AMD FSR1 is a super resolution technology to reduce rasterization costs at high resolution.
Although there already exist more advanced technologies like AMD FSR2, NVidia DLSS, Intel XeSS, and Unreal Engine 5's Temporal Super Resolution, they require more GPU resources than FSR1 as their temporal upscaling parts expect you to preserve previous frame's history and generate velocity buffers, which are not free. In addition, some of them might be just unavailable for your use case as they are vendor-specific or not fully open-sourced.
FSR1 is still an easy-to-integrate solution that achieves reasonable visuals.
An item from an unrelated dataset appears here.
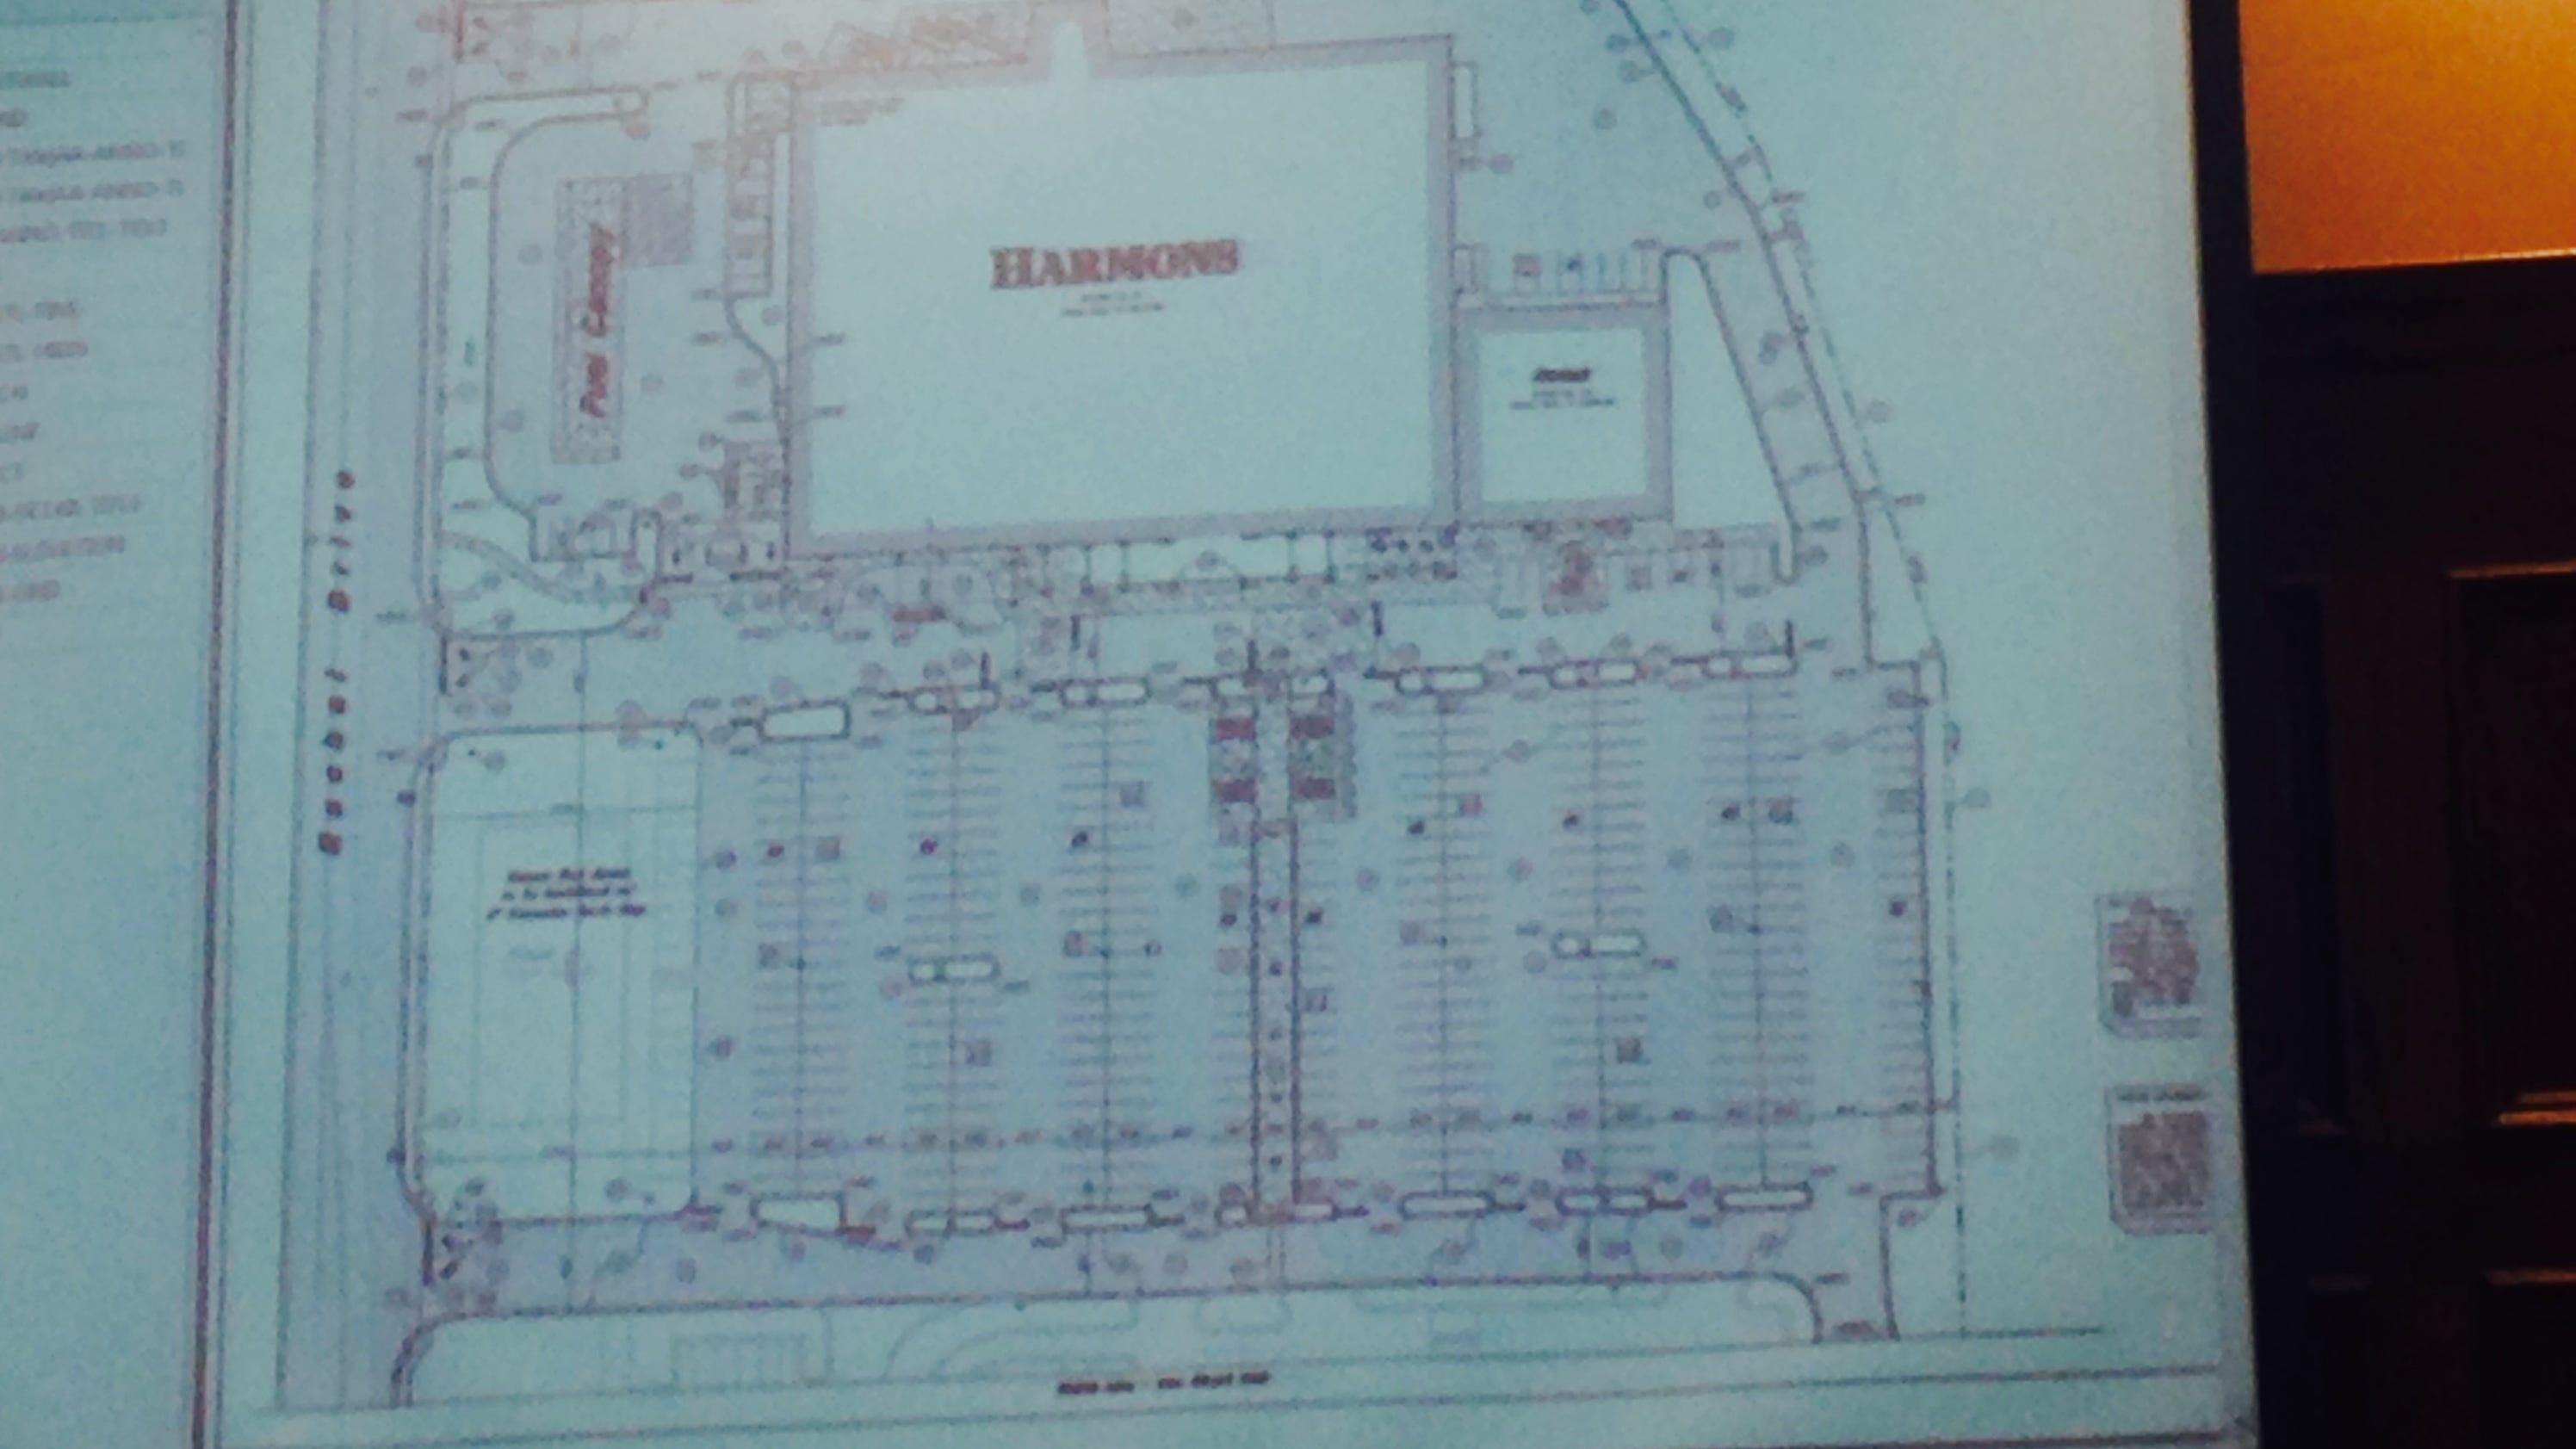 Santa Clara Oks Plan For New Harmons Store

Its homepage says officially supported APIs are DirectX 12, DirectX 11, and Vulkan, but with little effort FSR1 also can be integrated to OpenGL projects.
The FSR1.0 Documentation contains a clear integration guide, so I'll talk about only OpenGL-related caveats.
FSR1 is designed to utilize half precision float (FP16) and additionally includes full precision fallback (FP32) for older hardware. You need following GLSL extensions for FP16 mode:
GL_EXT_shader_16bit_storage
for 16-bit typedefsGL_EXT_shader_explicit_arithmetic_types
for 16-bit mathBut even latest graphics cards will report no such extensions exist when queried via OpenGL API, because OpenGL specs just stopped to evolve since 2017. I checked them with RTX 3080 Ti and Ryzen 6800U in Oct 2022.
Alternatively, instead of GL_EXT_shader_16bit_storage
you can query about
GL_NV_gpu_shader5
which defines exactly same 16-bit types. Altough it's a NV extension, it's possible that
other venders also support it, including AMD Ryzen 6800U.
I also have Intel Arc A770 but hadn't check it yet.
In case of GL_EXT_shader_explicit_arithmetic_types
there is no alternative
so you have to manually define following 16-bit operations that are required by FSR1.
uint16_t halfBitsToUint16(float16_t v);
u16vec2 halfBitsToUint16(f16vec2 v);
u16vec3 halfBitsToUint16(f16vec3 v);
u16vec4 halfBitsToUint16(f16vec4 v);
float16_t uint16BitsToHalf(uint16_t v);
f16vec2 uint16BitsToHalf(u16vec2 v);
f16vec3 uint16BitsToHalf(u16vec3 v);
f16vec4 uint16BitsToHalf(u16vec4 v);
uint32_t packUint2x16(u16vec2 v);
u16vec2 unpackUint2x16(uint32_t v);
My implementation is provided in the below section, though I can't guarantee it's the best code.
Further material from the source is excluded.